US stock futures and markets around the world slid late Wednesday night as concerns about the economic fallout from the coronavirus pandemic continued to dominate.

Futures for the three major US indexes were down sharply in after-hours trading with S&P 500, Nasdaq, and Dow Jones industrial average futures all down roughly 4%.

Futures do not correlate directly with trading during regular hours, but the slides came just hours after the Dow officially fell into bear market territory, meaning the index was down 20% from its recent heights. The move ended the longest bull market run in history for the index, which started on March 9, 2009. The S&P 500 and Nasdaq were just short of entering bear markets.

Global stocks also continued their tumbles with Japan’s Nikkei index down more than 4% and the Australian S&P/ASX 200 down more than 6%. China’s Shanghai Composite index was looking slightly better, but still off by more than 1%.

The drop-off came after President Donald Trump announced several steps the US will take to respond to the coronavirus pandemic. Trump said the US will ban all travel from Europe by non-US citizens for thirty days.

He added that the „prohibitions will not only apply to the tremendous amounts of trade and cargo, but various other things as we get approval. Anything coming from Europe to the United States is what we are discussing.“

But the White House and the president himself scrambled to clarify his comments as futures tanked in response to his announcement.

„Hoping to get the payroll tax cut approved by both Republicans and Democrats, and please remember, very important for all countries & businesses to know that trade will in no way be affected by the 30-day restriction on travel from Europe. The restriction stops people not goods,“ Trump tweeted, contradicting his earlier remarks.

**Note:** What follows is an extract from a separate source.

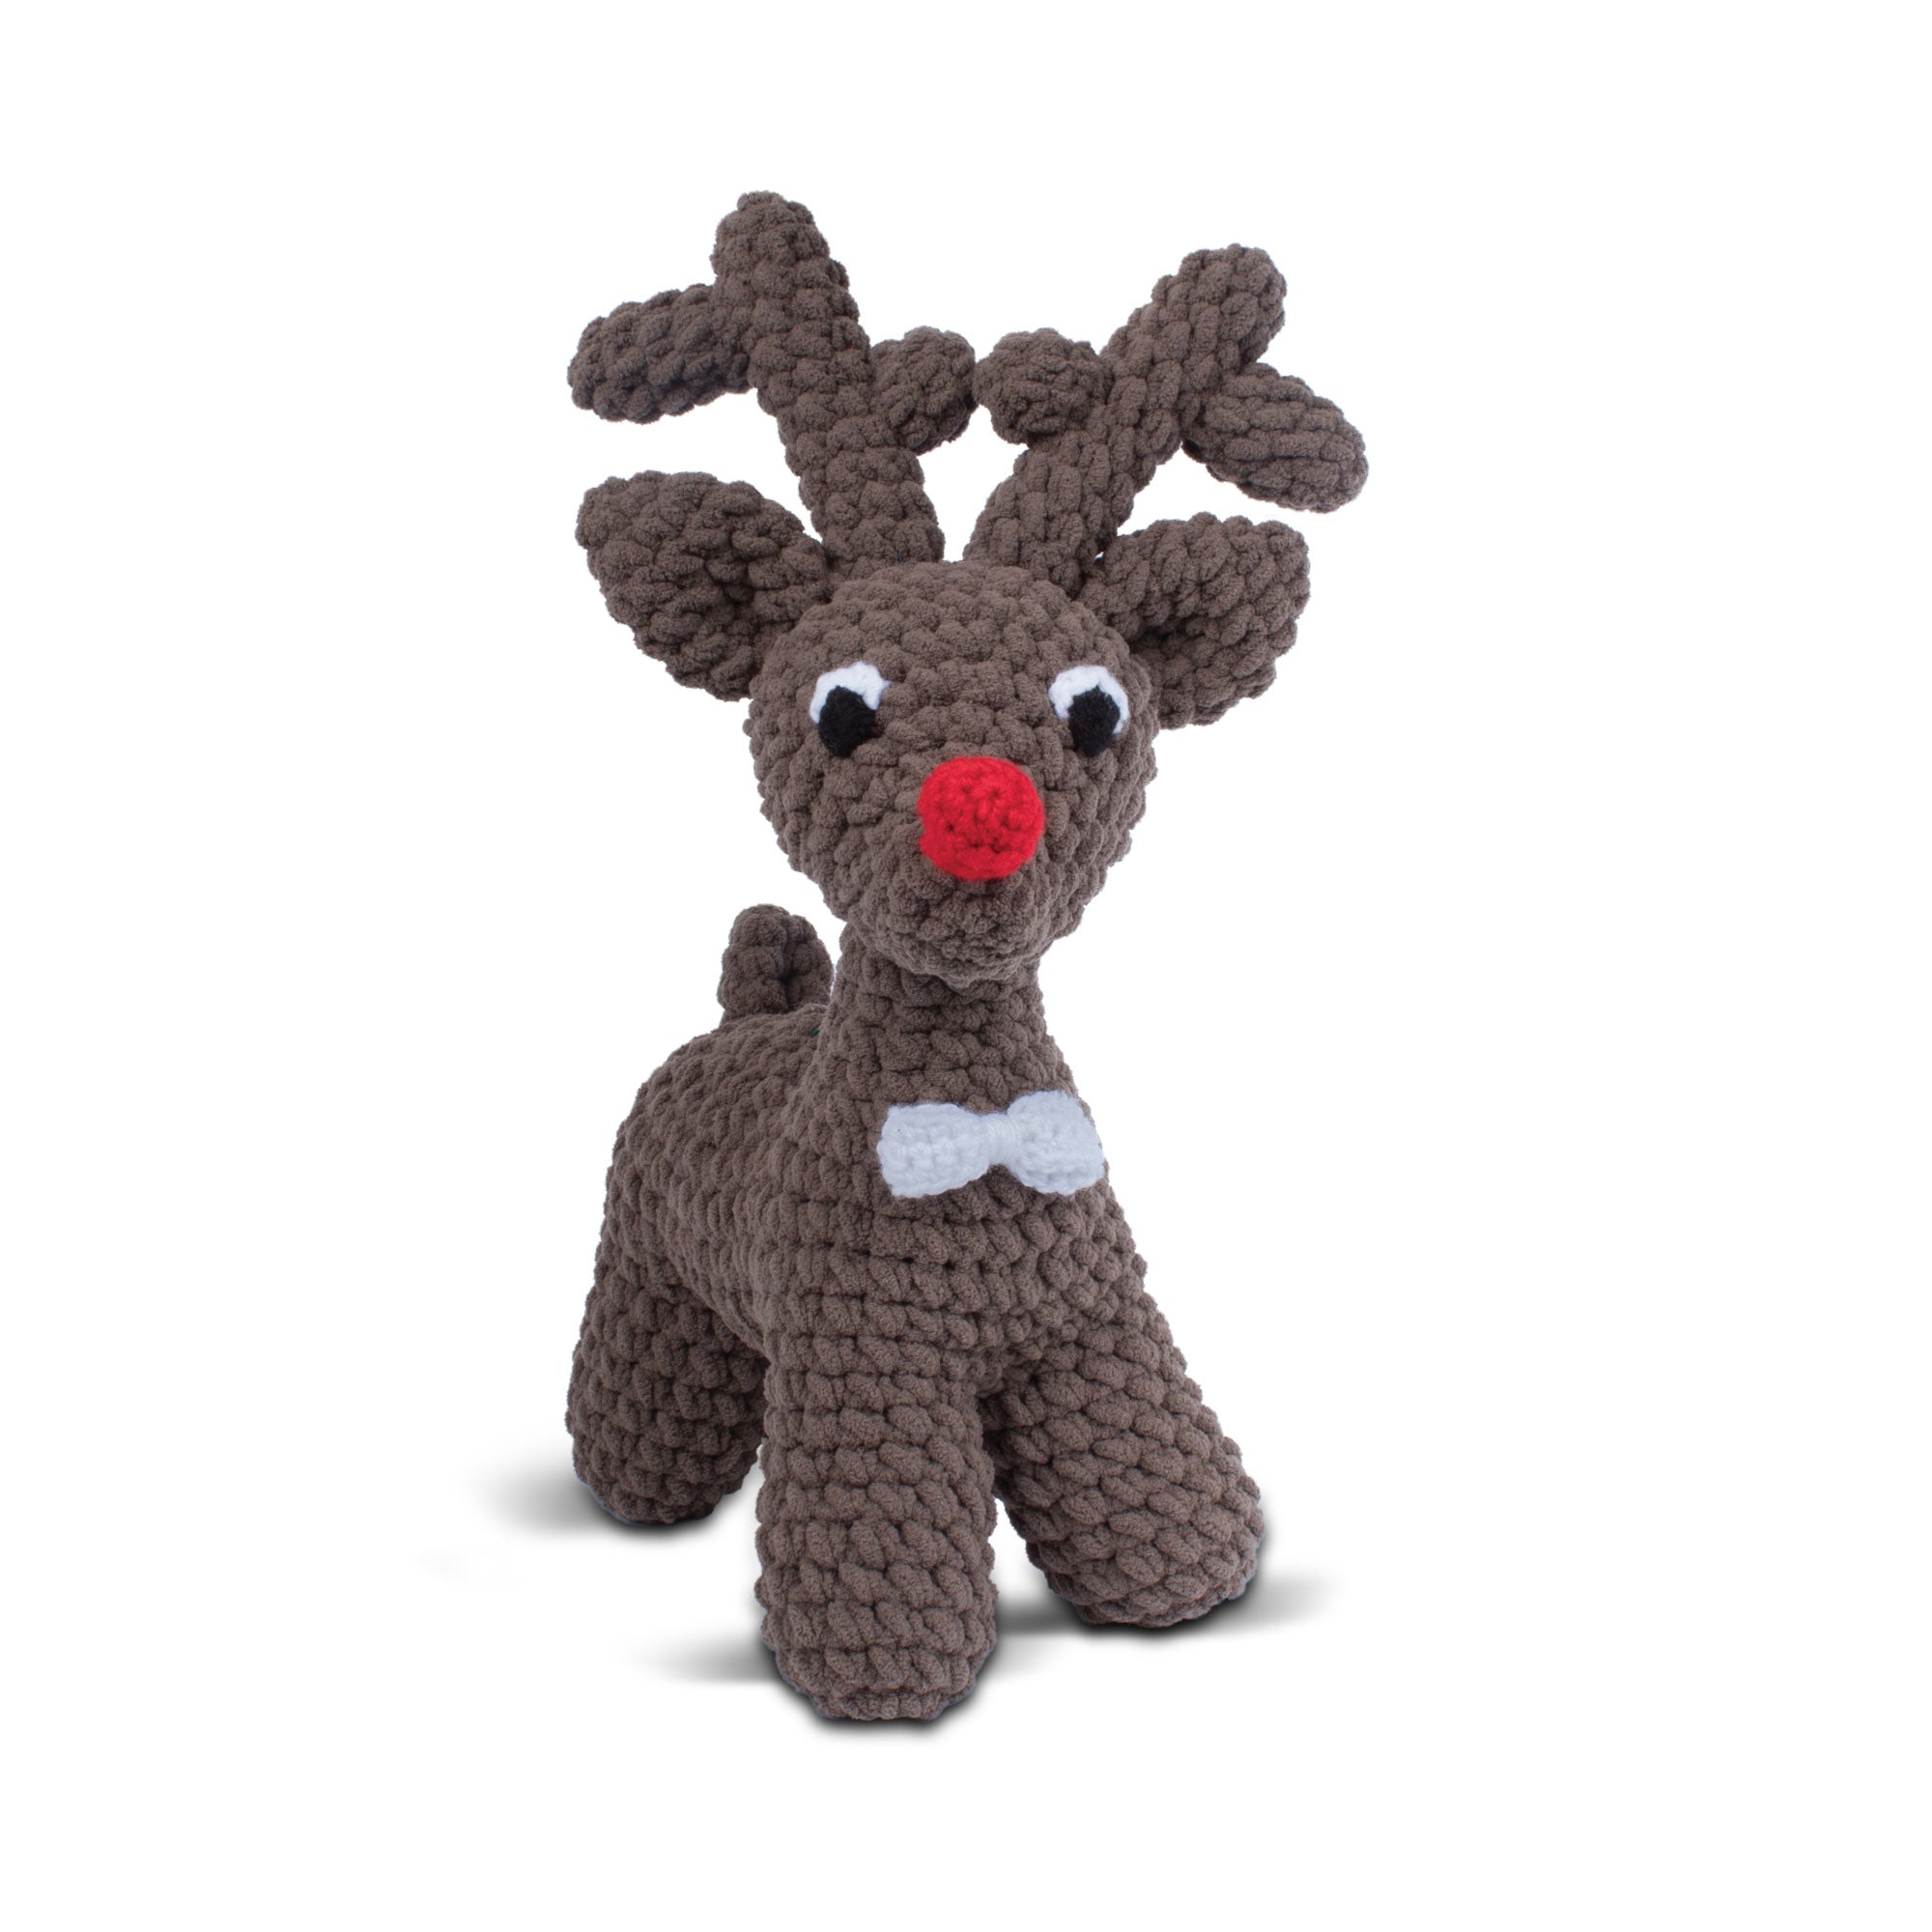 Crochet Santa Santa's Sleigh Amigurumi DIY Crochet Kit Christmas Gift  Pattern Christmas Ornaments

The World Health Organization officially classified coronavirus, which leads to a disease called COVID-19, as a pandemic on Wednesday. More than 125,000 people have been infected across the globe and there have been more than 4,500 deaths.

At least 1,240 people in 42 states and Washington, DC, have tested positive for coronavirus, according to The New York Times, and at least 37 patients with the virus have died.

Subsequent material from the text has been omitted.